Les résidents des Ehpad sont exposés à un surrisque d’infections respiratoires aiguës. Est-ce que mettre en place une filtration de haute efficacité portative dans leur chambre peut permettre de réduire ce risque ? Telle est la question posée par une petite étude randomisée récemment publiée dans le Jama Network Open (1). Avec des réponses en demi-teinte, puisque l’étude ne met pas en évidence de différence significative mais qu’on a tout de même observé une tendance positive, si l’on se restreint à la première période (hivernale), ou aux sujets ayant fini l’étude. Sans compter que l’étude manque de puissance pour pouvoir clore définitivement la question. L’éventuel bénéfice de la mise en place d’un tel dispositif reste donc encore à prouver.
Une étude randomisée avec cross over menée en Ehpad
Il s’agit d’une étude randomisée multicentrique menée en double aveugle durant deux périodes avec cross over sur une durée de six mois (trois mois, puis cross over après wash out d’une semaine), entre avril et octobre 2023, dans trois Ehpad d’une capacité de 50-100 lits en Australie (New South Wales).
Les appareils de filtration à haute efficacité (filtres Hepa 14) étaient placés dans les chambres des résidents, avec un filtre dans le groupe pour la période test, et sans filtre pour la période contrôle. Cependant les zones communes n’étaient pas filtrées. Avant la mise en place de l’étude, aucun de ces Ehpad ne disposait de système de filtration.
Le critère primaire est la survenue d’infection respiratoire aiguë. Le délai avant la première infection respiratoire aiguë, les besoins en consultations médicales (visite d’un médecin), le recours aux urgences et les hospitalisations ont aussi été colligés.

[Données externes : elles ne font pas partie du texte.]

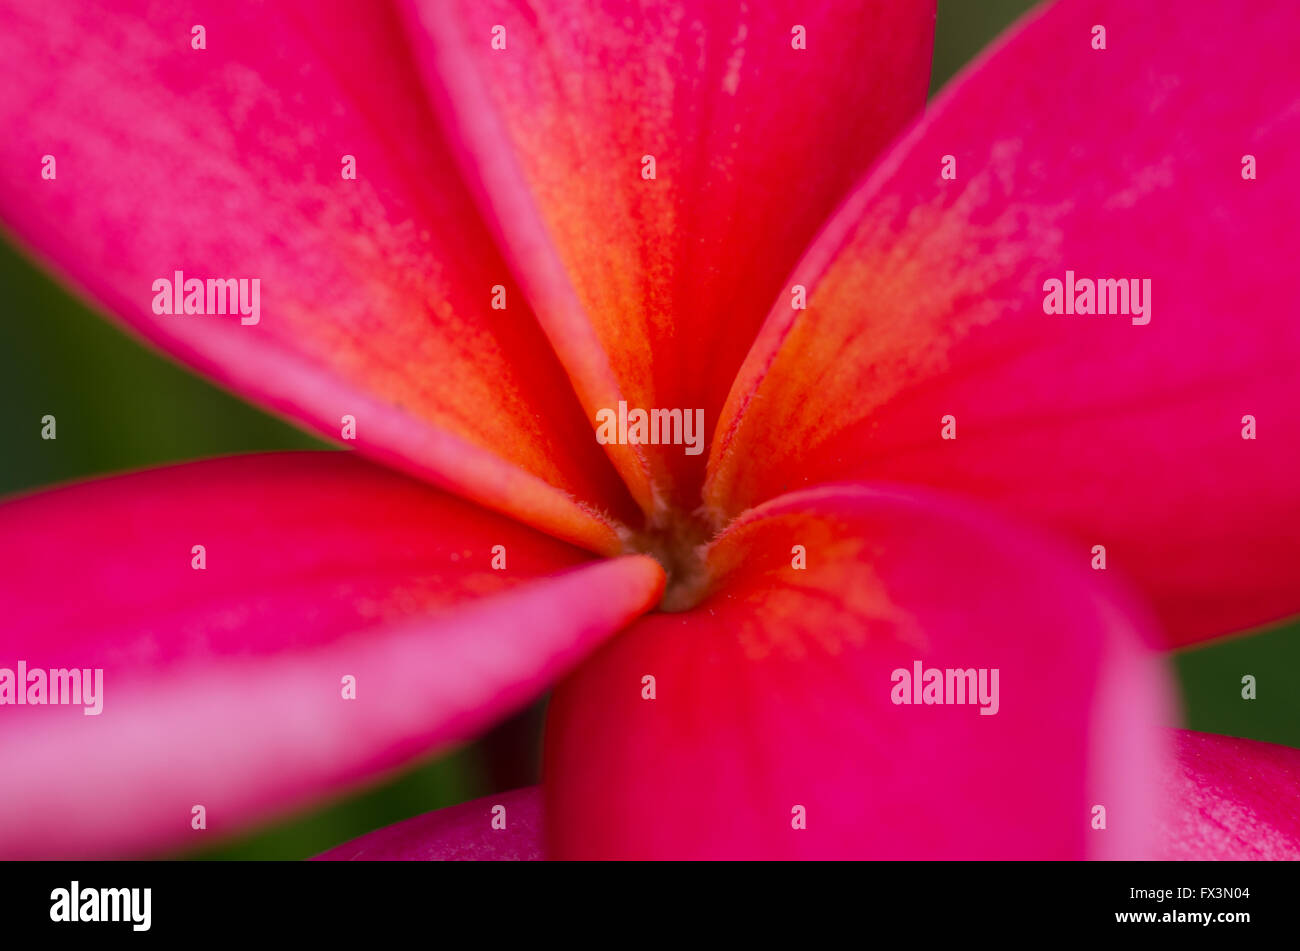 Pink frangipani petal close up Stock Photo

Au total, 135 résidents — des résidents permanents à l’exclusion de ceux sous soins palliatifs — ont été randomisés. Ils ont 85,2 ans d’âge moyen (de 59 à 103 ans), et 58 % sont des femmes.
La durée d’observation est de 3 mois avant cross over. Le pathogène impliqué n’était pas recherché systématiquement. On a toutefois recensé, quand elle était connue, la participation des virus grippaux de type et B, du Sars-Covid, du virus respiratoire syncytial et des rhinovirus.
Pas de différence significative globale mais des observations favorables
Au total, on a observé 42 infections respiratoires aiguës chez les 123 sujets ayant participé à la période contrôle (34,2 %) et 31 infections respiratoires aiguës chez les 125 résidents ayant participé à la période test (24,8 %). Soit une différence non significative (RR = 0,57 [0,32-1,04] ; p = 0,07)
Néanmoins, quand on se focalise sur la phase 1 (avril-mai juin), soit en période hivernale en Australie, on observe une différence significative en faveur de la filtration. On est à 29 infections respiratoires aiguës chez les 65 résidents du bras contrôle (44,6 %), versus 21 infections respiratoires aiguës chez les 70 résidents du bras test (30 %). Tandis que dans la deuxième phase, après cross over et une fois l’hiver passé, on n’a plus de différence significative.
Enfin, si l’on se restreint aux 104 résidents ayant suivi l’étude jusqu’à son terme (la majorité de ceux n’ayant pas terminé sont décédés), encore une fois, on observe une différence significative en faveur de la filtration. On est en effet à 37 infections respiratoires aiguës chez ces 104 résidents en période contrôle (35,6 %) versus 25 infections respiratoires aiguës en période test (24 %).
Pour les auteurs, « ces résultats appellent à mettre en place des études plus vastes, à même de préciser le bénéfice éventuel de cette filtration de haute efficacité sur les infections respiratoires aiguës ».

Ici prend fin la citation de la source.